New mobile bio-threat trailer protects U.S. Air Force medical operations

Battelle has designed and delivered the first Laboratory Response Team (LRT) Trailer to McConnell Air Force Base in Kansas, with subsequent deliveries to other bases including Ohio's Wright-Patterson AFB, North Dakota's Grand Forks AFB and Florida's MacDill AFB. The trailer is a self-contained, climate-controlled laboratory that houses advanced test equipment, such as the Joint Biological Agent Identification System (JBAIDS), to perform rapid analysis and identification of biological agents...
March 28, 2007
3 min read

COLUMBUS, OH, March 28, 2007 -- Battelle has designed and delivered the first Laboratory Response Team (LRT) Trailer to McConnell Air Force Base in Kansas, with subsequent deliveries to other bases including Wright-Patterson AFB in Ohio; Grand Forks AFB in North Dakota; and MacDill AFB in Florida.

The LRT Trailer is a self-contained, climate-controlled laboratory that houses advanced test equipment, such as the Joint Biological Agent Identification System (JBAIDS), to perform rapid analysis and identification of biological agents. The trailers provide a new stand-off test capability that allows the LRT to respond to biological incidents and quickly identify threat agents in water, air, food, and clinical samples.

"The Air Force was faced with a real dilemma. How can Laboratory Response Teams rapidly evaluate potential biological threat incidents--without exposing medical forces and patients to the obvious threat of introducing contaminated samples into a medical treatment facility for agent testing?" said Jim Beddard, Battelle Program Manager. "The Battelle LRT Trailer solution is compliant with Headquarters AF directives in that regard, providing the needed protection and safeguards."

The laboratory equipment in the LRT trailer is capable of identifying a suspect agent at the DNA level. That information not only allows military commanders to quickly react to protect their operations, but it also can be invaluable as a resource to support civilian first responders through Defense Support to Civil Authorities in the event of an incident involving a biological agent.

"In an ideal world, perhaps such trailers would not be necessary. But we're in a different environment today in the world," said Brig. Gen. Byron Hepburn, Air Mobility Command Surgeon General. "We have an adversary that is not reluctant at all to use threats like anthrax. This is a key readiness asset, a key readiness platform for our Air Force."

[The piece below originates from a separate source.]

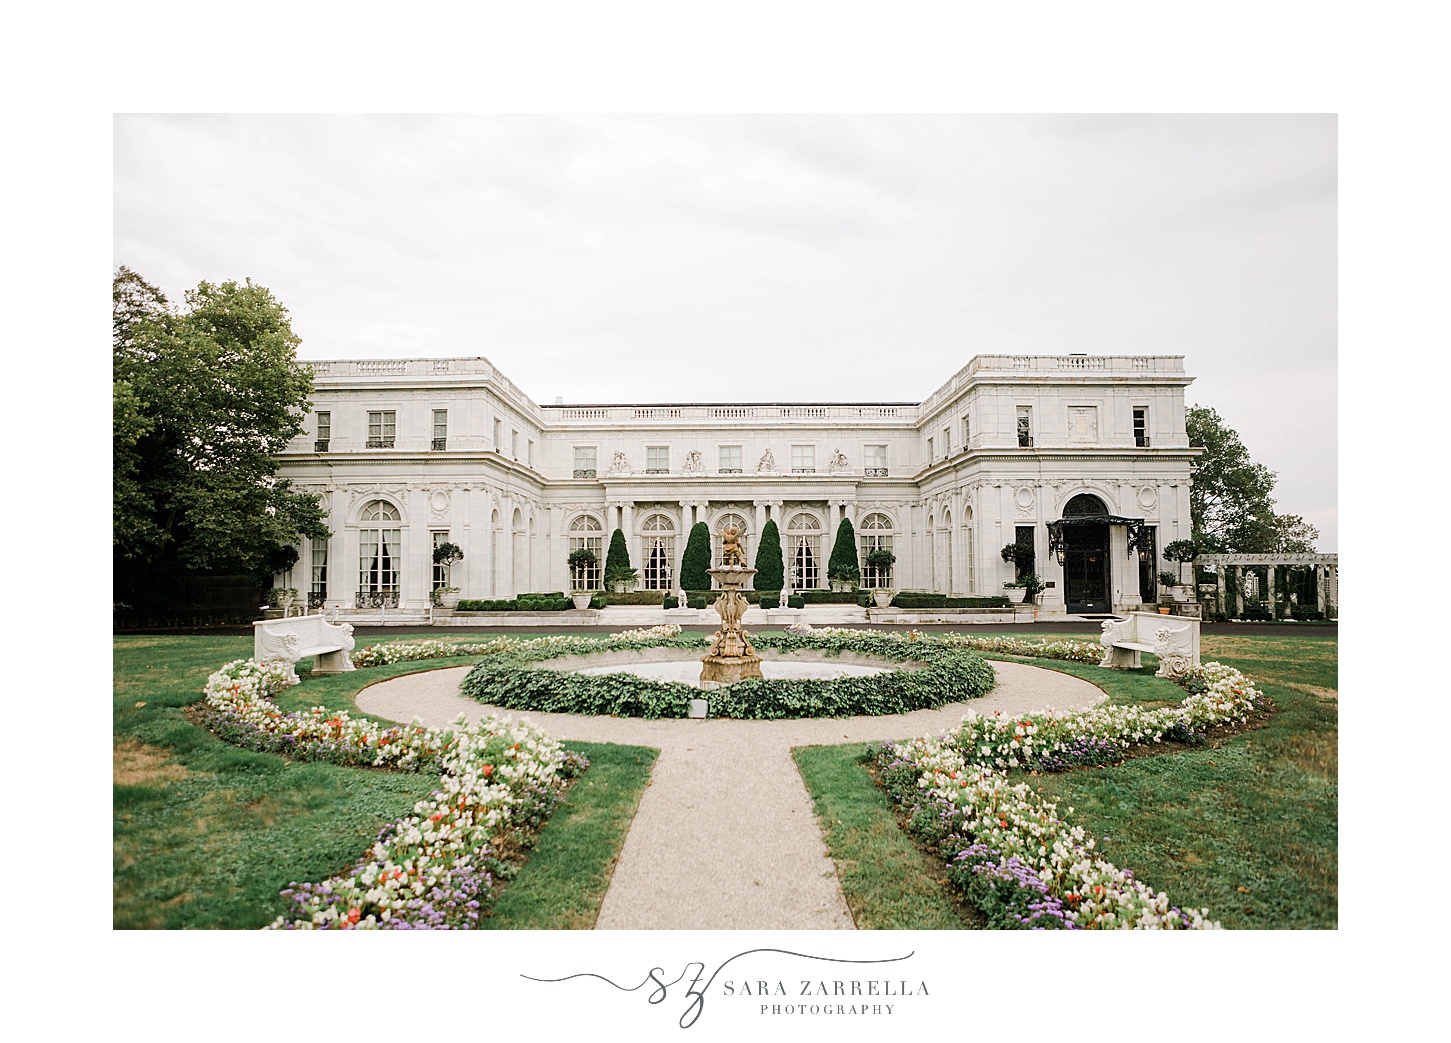 Rosecliff Mansion wedding inspired by Great Gatsby in Newport RI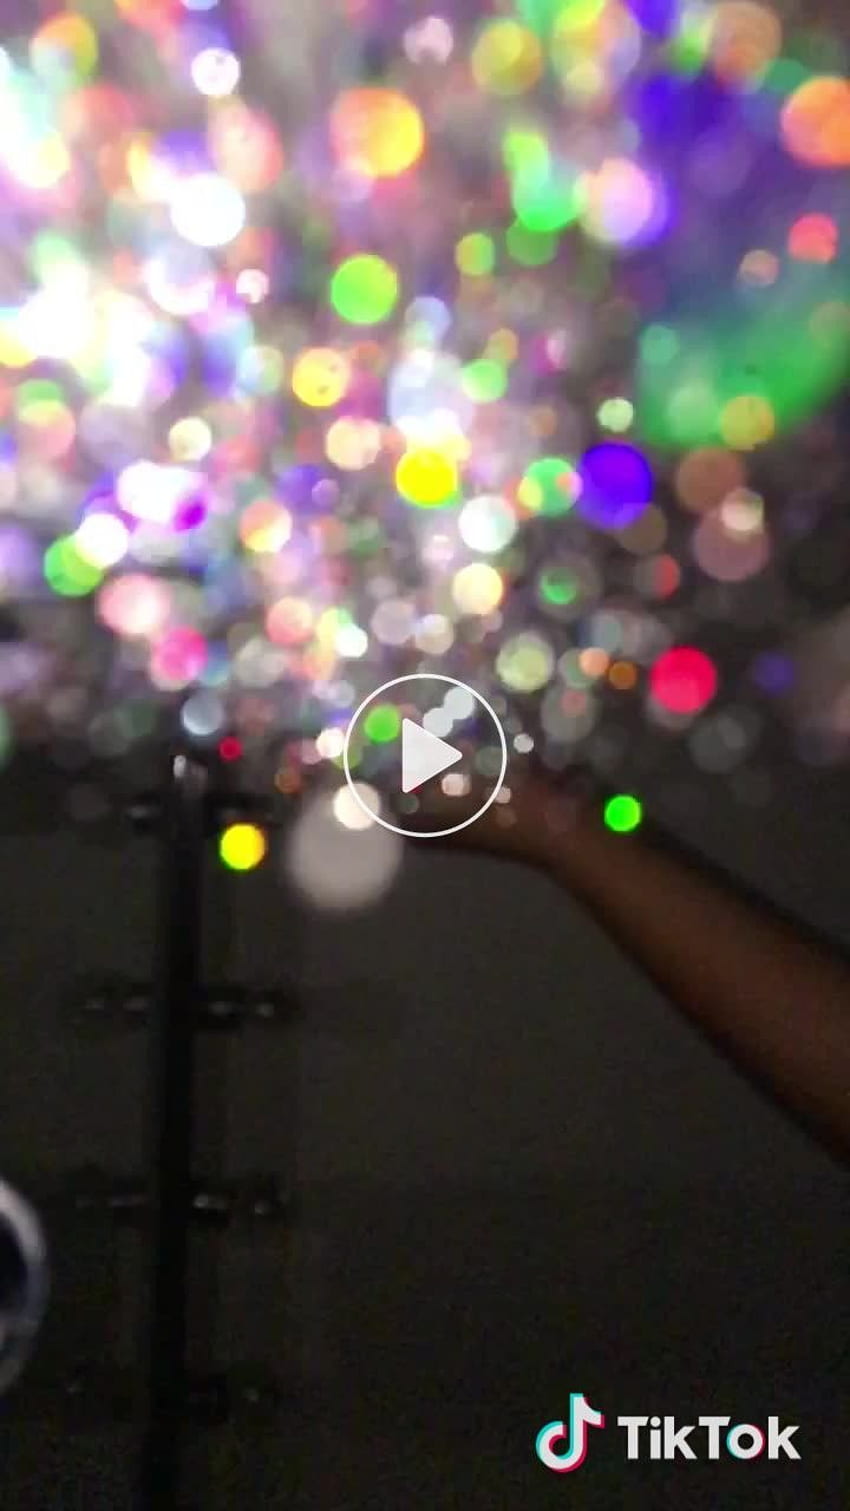 Video of a colorful tunnel of lights - TikTok

Battelle (www.battelle.org) is the world's largest non-profit independent research and development organization, with 20,000 employees in more than 120 locations worldwide, including five national laboratories Battelle manages or co-manages for the U.S. Department of Energy. Headquartered in Columbus, Ohio, Battelle conducts $3.8 billion in R&D annually through contract research, laboratory management, and technology commercialization. Battelle provides innovative solutions to some of the world's most important problems including global climate change, sustainable energy technologies, high performance materials, next generation healthcare diagnostics and therapeutics, and advanced security solutions for people, infrastructure, and the nation. Battelle has a long history of developing successful commercial products in collaboration with its clients, ranging from products to fight diabetes, cancer, and heart disease to the development of the office copier machine (Xerox). As a non-profit charitable trust with an eye toward the future, Battelle actively supports and promotes science and math education.